Casualties and losses
- 8+ soldiers killed 48+ soldiers wounded: 30+ fighters killed (Per IDF)

= Battle of Odaisseh =

2024 Israel-Hezbollah engagement

A battle began in the village of Odaisseh in southern Lebanon on 1 October 2024, amid the 2024 Israeli invasion of Lebanon.

== Background ==
On 1 October 2024, Israel began an invasion of Lebanon as part of the Israel–Hezbollah conflict, results of the spillover of the Gaza war. It began after Hezbollah faced a series of setbacks in September 2024 that degraded its capabilities and eliminated most of its leadership; beginning with the pager explosions, followed by an Israeli airstrikes campaign targeting Hezbollah throughout Lebanon, killing over 800 and injuring at least 5,000 in a week, and culminating in the 27 September assassination of Hezbollah leader Hassan Nasrallah.

==Timeline ==
=== 1 October 2024 ===
On 1 October, Hezbollah claimed that it had targeted IDF soldiers in towns opposite of Odaisseh.

=== 2 October 2024 ===
On 2 October, Hezbollah stated that Israeli forces were ambushed by Hezbollah fighters in Odaisseh and forced to retreat while attempting to dismantle militant infrastructure. Six soldiers from the Egoz Unit were killed in the clash and several others were injured, including five critically. The IDF said that another 20 Hezbollah militants were killed during the clash.

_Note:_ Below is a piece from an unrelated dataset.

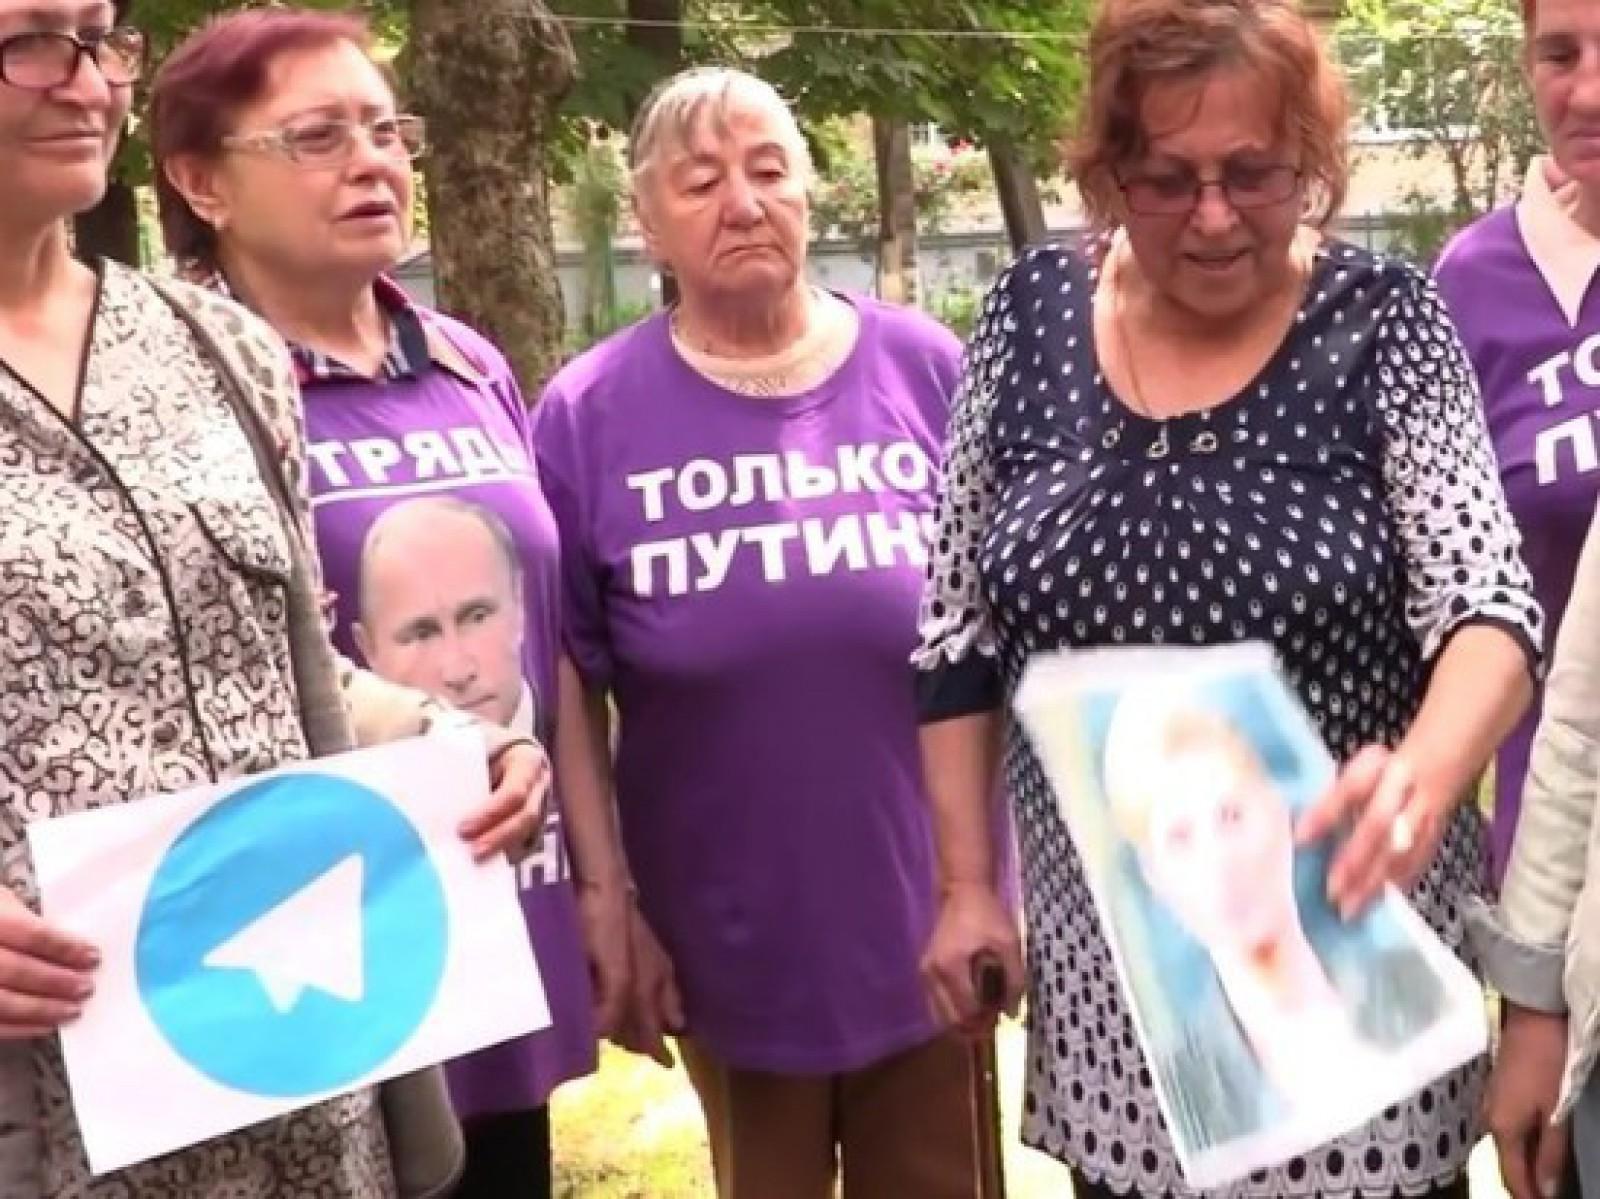 """(video) Un nou protest de la mișcarea """"Echipa lui Putin"""": Au îngropat pozele lui Trump, Durov și Navalinîi"""

Early in the morning on 2 October 2024, a force of the Egoz unit moved towards the village, they were observed before their arrival, and Radwan Force militants set up an ambush. Amongst the heavy fog, the Egoz Unit personnel entered one of the buildings in the village, around 04:30 in the morning, when they were attacked from several directions. Under the haze and fog, the Israeli Air Force could not provide combat support so the special operatives from the Unit 669 were deployed to rescue and evacuate the trapped personnel. At a point in the battle, the Hezbollah militants tried to kidnap the dead bodies of Egoz Unit personnel but were thwarted in this attempt. Eight Egoz fighters were killed during the fighting, including the team commander Capt. Harel Ettinger. The Redwan Force personnel entrenched themselves in a mosque which was then attacked by a UAV. In this engagement 6 Egoz Unit personnel were killed and 30 were wounded including 7 seriously, moreover IDF claimed to have killed 30 Hezbollah militants during the engagement.

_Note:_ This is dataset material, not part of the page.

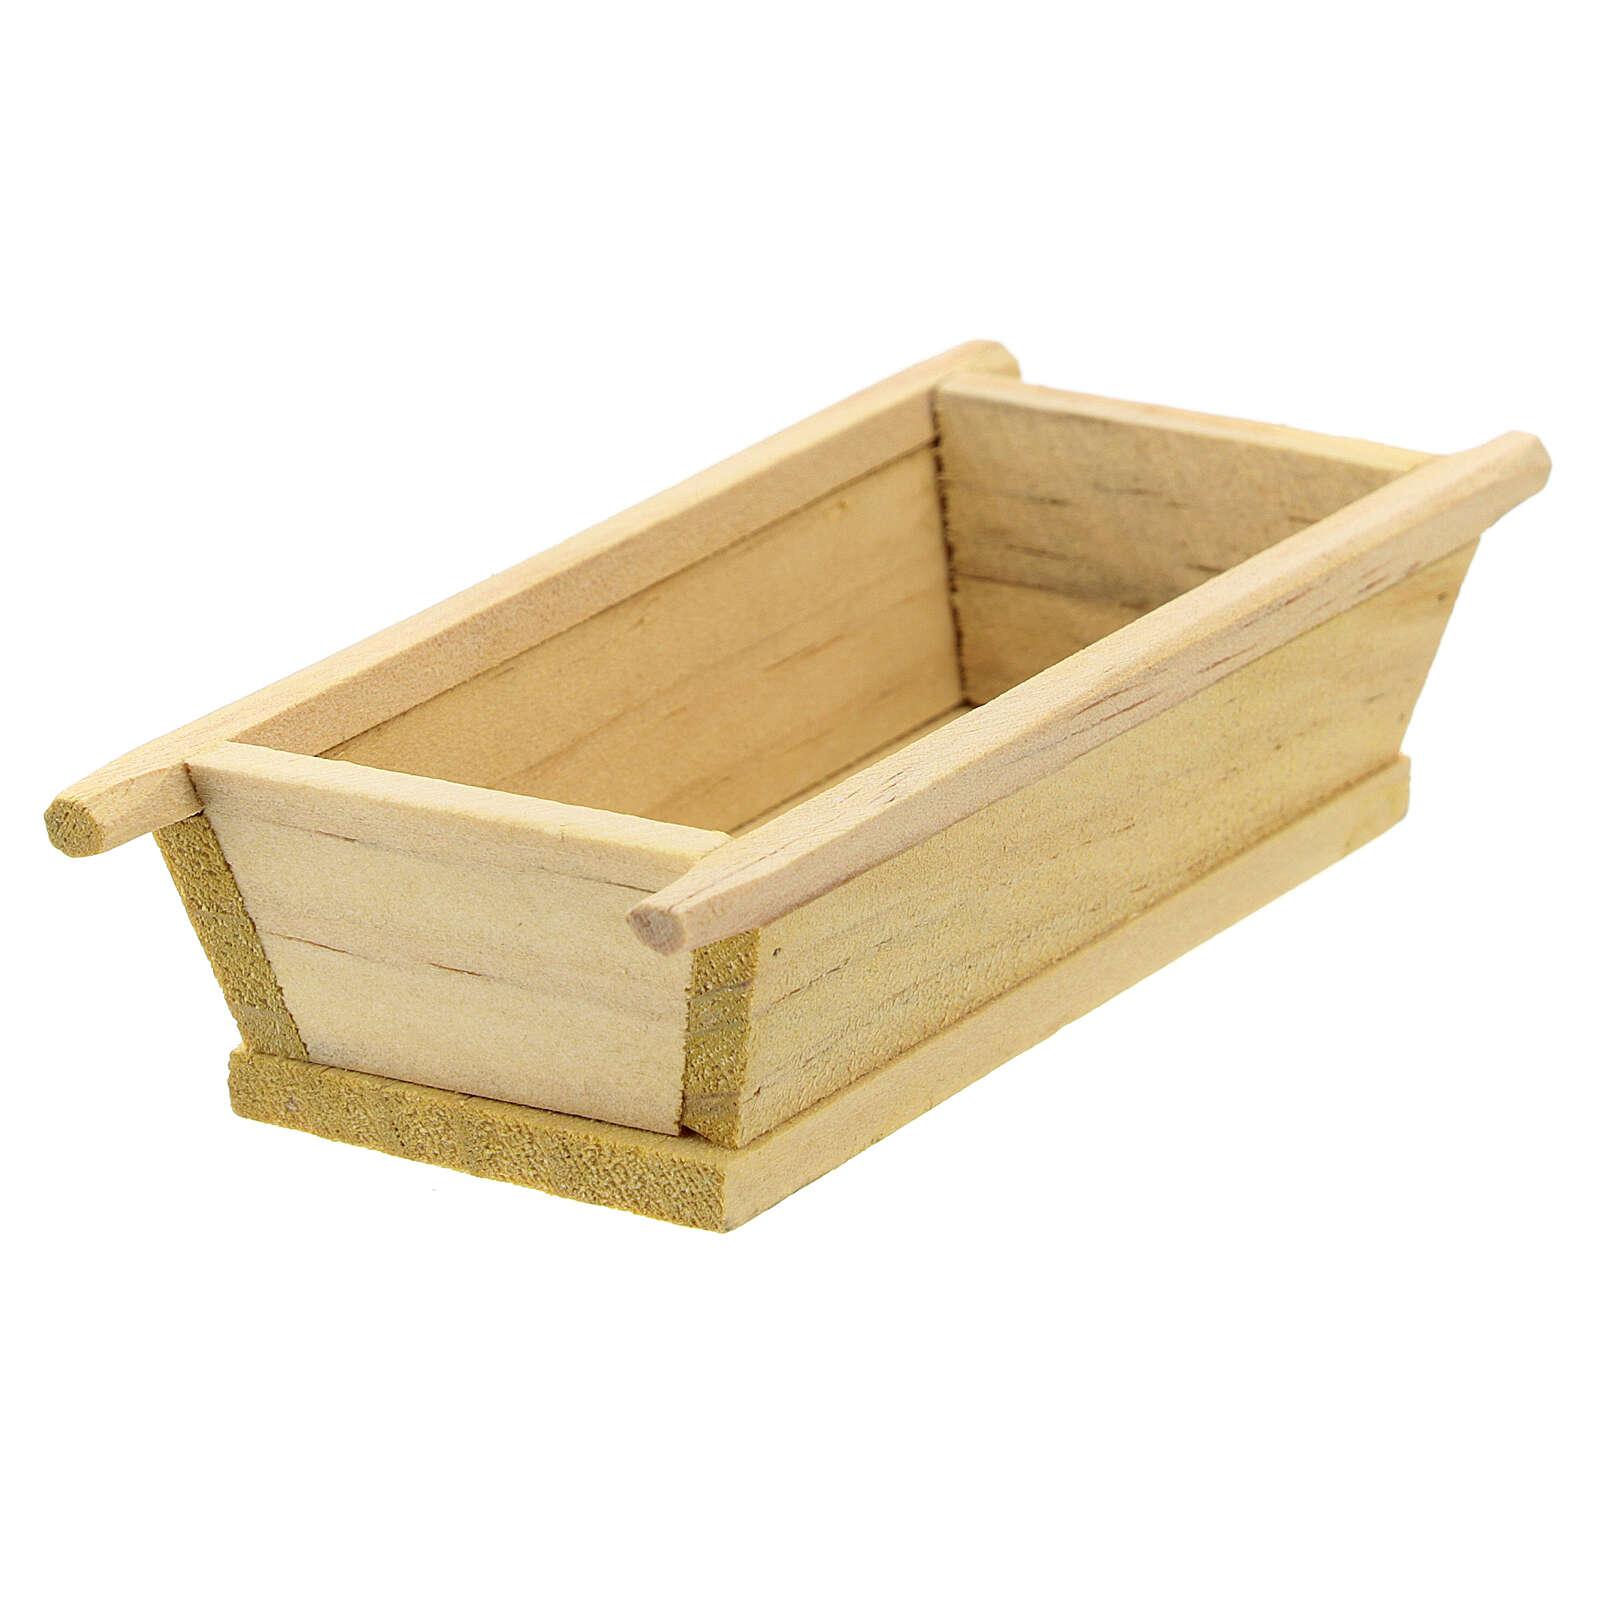 Artesa simple madera 5x10x5 belén 12 cm 4

Later on the same day, an ambush by Hezbollah killed two Israeli soldiers and wounded 18. According to Al Jazeera English analysts, the attack was a victory for Hezbollah. The Lebanese army said that an Israeli force crossed the Blue Line in Odaisseh and claimed they retreated after an incursion of about 400 meters.

=== 3 October 2024 ===
On 3 October, Hezbollah said that it targeted Israeli soldiers in al-Thaghra on the outskirts of Odaisseh.

=== 9 October 2024 ===
Hezbollah-affiliated sources stated that the IDF withdrew from Odaisseh and Kfar Kila.
=== 21–23 October 2024 ===
A number of buildings in Odaisseh were demolished by the Israeli military, among them a cultural centre and the family home of Lubnan Baalbaki, the conductor of Lebanon’s philharmonic orchestra. The centre was full of his father's, the artist Abdel-Hamid Baalbaki's, collection of fine art and pottery, in addition to 2,000 manuscripts and books.

=== 3 November 2024 ===
By 3 November, around 20 percent of buildings in Odaisseh were damaged.

=== 18 February 2025 ===
Israeli forces withdrew from Odaisseh on 18 February 2025 following the expiration of the extended deadline of the Israel–Lebanon ceasefire agreement that came into effect on 27 November 2024. The Lebanese Army deployed to the village shortly after. Lebanese residents returned to their homes, finding them largely destroyed by Israeli forces.